(a) The director shall do all of the following:
(1) Promptly submit any state plan amendment or waiver request that may be necessary to implement this article.
(2) Promptly seek federal approvals or waivers as may be necessary to implement this article and to obtain federal financial participation to the maximum extent possible for the payments under this article.
(3) Amend the contracts between the managed health care plans and the department as necessary to incorporate the provisions of Sections 14169.5 and 14169.6 and promptly seek all necessary federal approvals of those amendments. The department shall pursue amendments to the contracts as soon as possible after the effective date of this article and Article 5.229 (commencing with Section 14169.31), and shall not wait for federal approval of this article or Article 5.229 (commencing with Section 14169.31) prior to pursuing amendments to the contracts. The amendments to the contracts shall, among other provisions, set forth an agreement to increase capitation payments to managed health care plans under Section 14169.5 and increase payments to hospitals under Section 14169.6 in a manner that relates back to July 1, 2011, or as soon thereafter as possible, conditioned on obtaining all federal approvals necessary for federal financial participation for the increased capitation payments to the managed health care plans.
(b) In implementing this article, the department may utilize the services of the Medi-Cal fiscal intermediary through a change order to the fiscal intermediary contract to administer this program, consistent with the requirements of Sections 14104.6, 14104.7, 14104.8, and 14104.9. Contracts entered into for purposes of implementing this article or Article 5.229 (commencing with Section 14169.31) shall not be subject to Part 2 (commencing with Section 10100) of Division 2 of the Public Contract Code.
(c) This article shall become inoperative if either of the following occurs:
(1) In the event, and on the effective date, of a final judicial determination made by any court of appellate jurisdiction or a final determination by the federal Department of Health and Human Services or the federal Centers for Medicare and Medicaid Services that Section 14169.2, Section 14169.3, or any provision of Section 14166.115 cannot be implemented.
(2) In the event both of the following conditions exist:
(A) The federal Centers for Medicare and Medicaid Services denies approval for, or does not approve before January 1, 2013, the implementation of Section 14169.2, Section 14169.3, or the quality assurance fee established pursuant to Article 5.229 (commencing with Section 14169.31).

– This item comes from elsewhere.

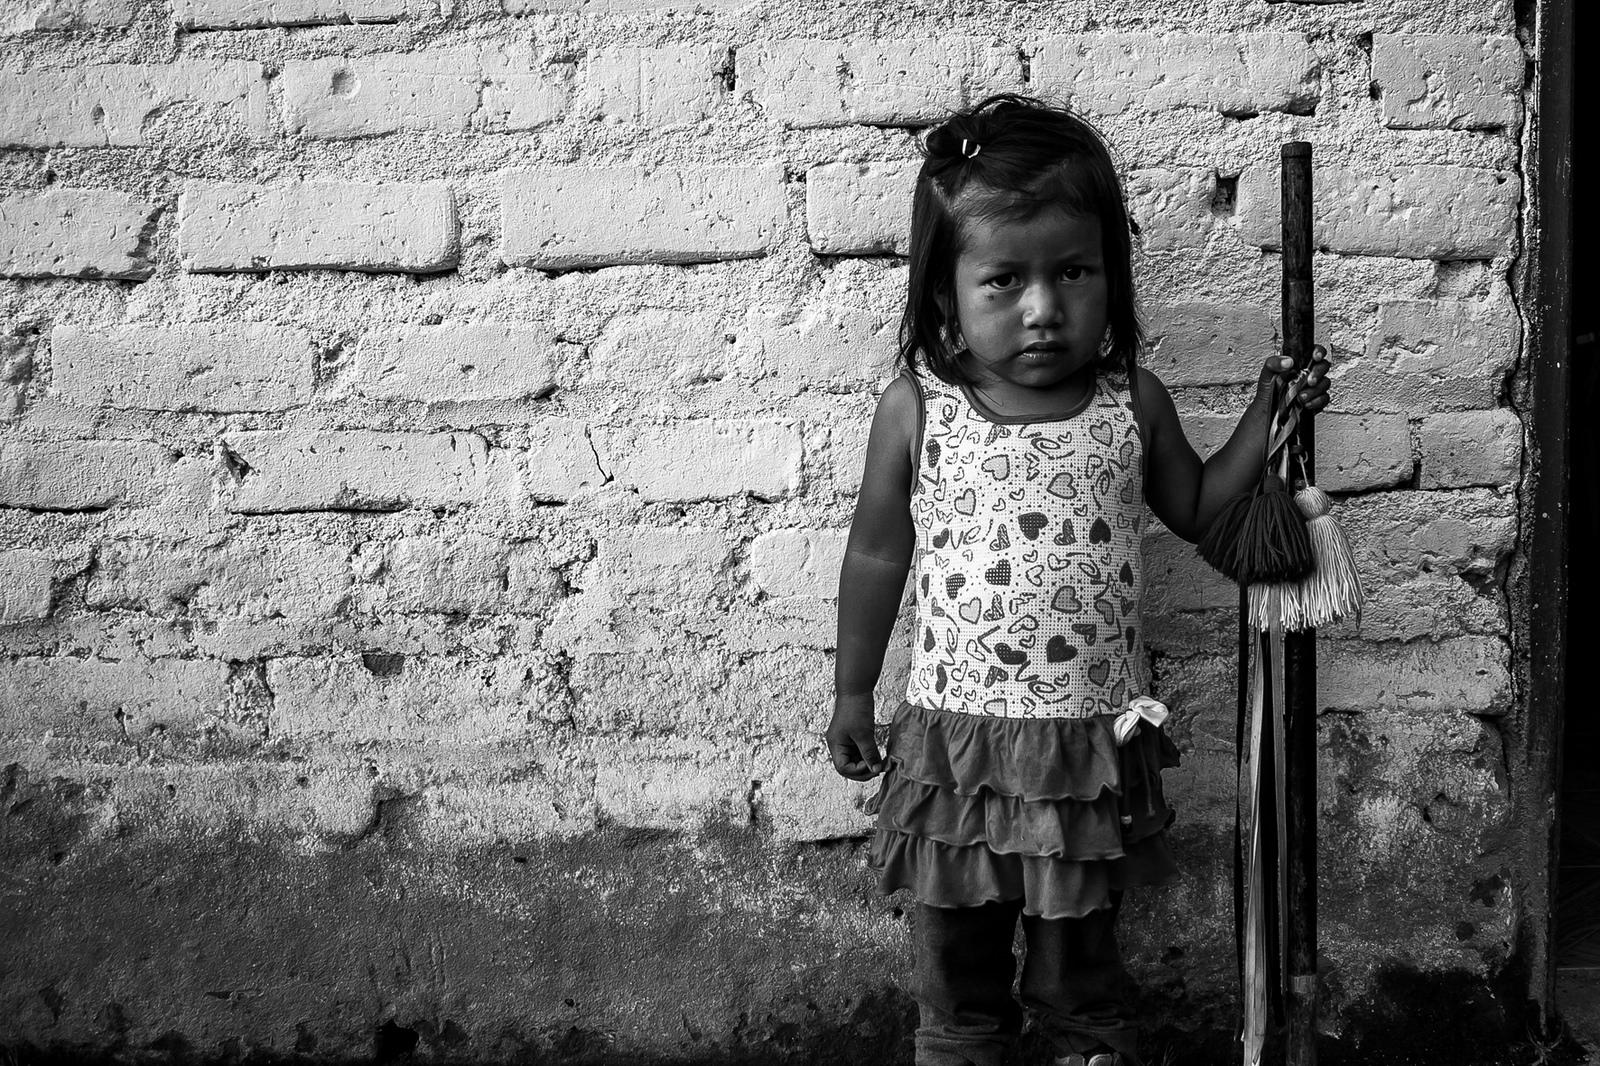 Una niña del municipio de Jambaló que carga el bastón de mando de su padre. Año 2015

(B) Section 14169.2, Section 14169.3, or Article 5.229 (commencing with Section 14169.31) cannot be modified by the department pursuant to subdivision (e) of Section 14169.33 in order to meet the requirements of federal law or to obtain federal approval.
(d) If this article becomes inoperative pursuant to paragraph (1) of subdivision (c) and the determination applies to any period or periods of time prior to the effective date of the determination, the department shall have authority to recoup all payments made pursuant to this article during that period or those periods of time.
(e) In the event any hospital, or any party on behalf of a hospital, shall initiate a case or proceeding in any state or federal court in which the hospital seeks any relief of any sort whatsoever, including, but not limited to, monetary relief, injunctive relief, declaratory relief, or a writ, based in whole or in part on a contention that any or all of this article or Article 5.229 (commencing with Section 14169.31) is unlawful and may not be lawfully implemented, both of the following shall apply:
(1) Payments shall not be made to the hospital pursuant to this article until the case or proceeding is finally resolved, including the final disposition of all appeals.
(2) Any amount computed to be payable to the hospital pursuant to this section for a project year shall be withheld by the department and shall be paid to the hospital only after the case or proceeding is finally resolved, including the final disposition of all appeals.
(f) Subject to Section 14169.34, no payment shall be made under this article until all necessary federal approvals for the payment and for the fee provisions in Article 5.229 (commencing with Section 14169.31) have been obtained and the fee has been imposed and collected. Notwithstanding any other provision of law, payments under this article shall be made only to the extent that the fee established in Article 5.229 (commencing with Section 14169.31) is collected and available to cover the nonfederal share of the payments.
(g) A hospital’s receipt of payments under this article for services rendered prior to the effective date of this article is conditioned on the hospital’s continued participation in Medi-Cal for at least 30 days after the effective date of this article.
(h) All payments made by the department to hospitals, managed health care plans, and mental health plans under this article shall be made only from the following:
(1) The quality assurance fee set forth in Article 5.229 (commencing with Section 14169.31) and due and payable on or before December 31, 2013, along with any interest or other investment income thereon.
(2) Federal reimbursement and any other related federal funds.
(Amended by Stats. 2012, Ch. 23, Sec. 101. (AB 1467) Effective June 27, 2012. Conditionally inoperative as provided in this section (subd. (c), para. (1)) and Section 14169.40, or on date prescribed in Section 14169.16. Repealed on or after January 1, 2015, as provided in Section 14169.16. Note: Provisions for inoperation affect Article 5.228, commencing with Section 14169.1.)